11.   Representable Does Not Imply Learnable: Just because a function can be represented does not mean it can be learned. Standard decision tree learners cannot learn trees with more leaves than there are in training examples. Given finite data, time and memory standard learners can learn only a few subsets of all possible functions, and these subsets are different for learners with different representations. If representations are exponentially compact then they may require exponentially less data to learn functions. Finding methods to learn the deeper representations is one major research area in the Machine Learning Space.

12.   Correlation Does Not Imply Causation: This is the last lesson of this paper where author brings up an interesting topic of correlation and causation. In machine learning whatever the system correlates need not be a true causal. Suppose in the retail data from a super market, if we have beer and diapers brought together then perhaps putting beer and diapers section together will increase the sales. This example can be a Machine learning observation however, but it’s hard to accept it. Some learning algorithms can potentially extract causal information from observational data, but their applicability is restricted. Machine Learning researchers should be aware of their action in predicting the causal not just the correlation between the variables.

Author concludes paper by providing various resources which will help in developing skills in Machine learning

Paper Review: The Discipline of Machine Learning - Author: Tom M. Mitchell


This is a best paper to start understanding Machine Learning. In this paper author explains about Machine learning, its current progress, future long-term research and real world applications. After reading this paper one can understand the basics of Machine Learning and its application in various areas. Machine Learning is about how systems automatically learns algorithms to improves its performance (P ) at task (T) with its experience of (E).  The learning task might of various types like data mining, data base updating, programming by example etc. The Machine Learning couples the fields of Computer Science and Statistics, computer science focuses on programming whereas statistics helps in getting best inference from the data.

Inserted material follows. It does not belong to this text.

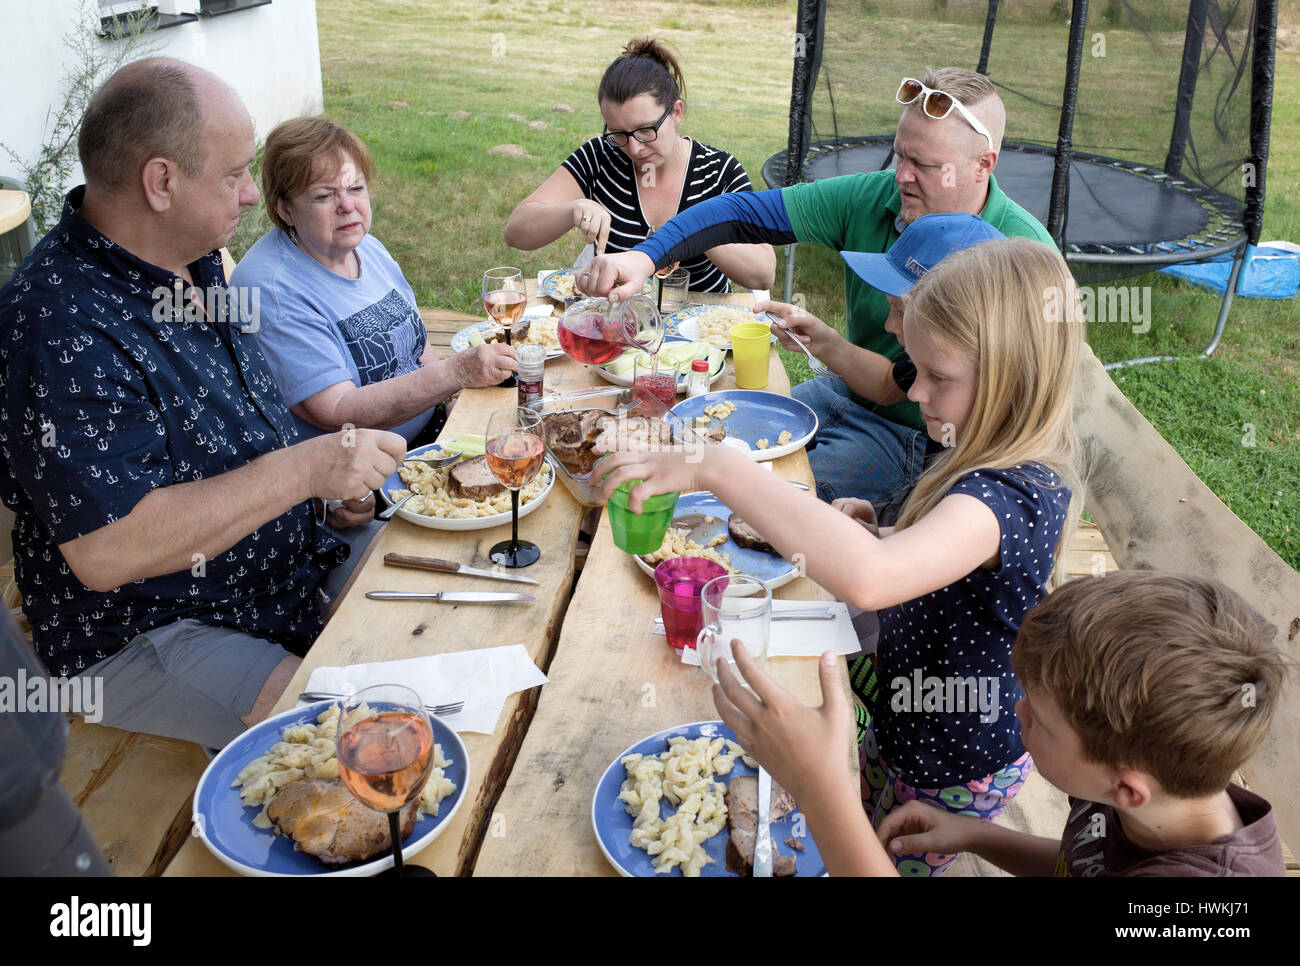 Cena in famiglia con pasta di patate e pollo. Il Nonno polacco 57, nonna 70 genitori 38, 41 bambini di 12, 8, 10. Zawady Polonia centrale Europa Foto Stock

Currently Machine learning being used for Speech recognition, Medical and Biological sciences, Robot control, Bio-surveillance, Image identification and classification etc. While talking about medical data (structured data), Machine Learning can be used to predict outcome of patient with particular treatment. Speech recognition and face recognition technologies are widely used in mobile, computer applications and in social media (Facebook face tagging), this can help greatly in surveillance systems as well. Machine learning is adopted in US Post Office to automatically sort the letters containing hand written address. Machine Learning is being used to learn the models of gene expression to the astronomical data.

Machine Learning methods play key role in computer science, as it makes us think beyond normal programming. There will be a shift in thinking from “how to program computers” to “how they program themselves”, this way it will help in self-diagnose and self-repair. Current challenges in Machine Learning are how to reduce the supervised learning with the help of unlabeled data, can machine get best training data by itself and how can we make system to understand the relationship between different algorithms. Another challenge would be of maintaining data privacy; while we can train a medical diagnosis system on data from all hospitals in the world it should also maintain the privacy of each subject. On the other hand there are researches on machine learning which are of long run like how would we build a never ending learner.  Theories and algorithms using Machine Learning are used to understand the human learning.

Author concludes the paper discussing on ethical issues which may arise from the Machine learning technology. The Machine Learning will be useful in clinical research and medical fields but question arises how would we protect data privacy of an individual in such studies? Similarly one should have enough understanding to maintain privacy of data collected from law enforcement or for marketing purpose.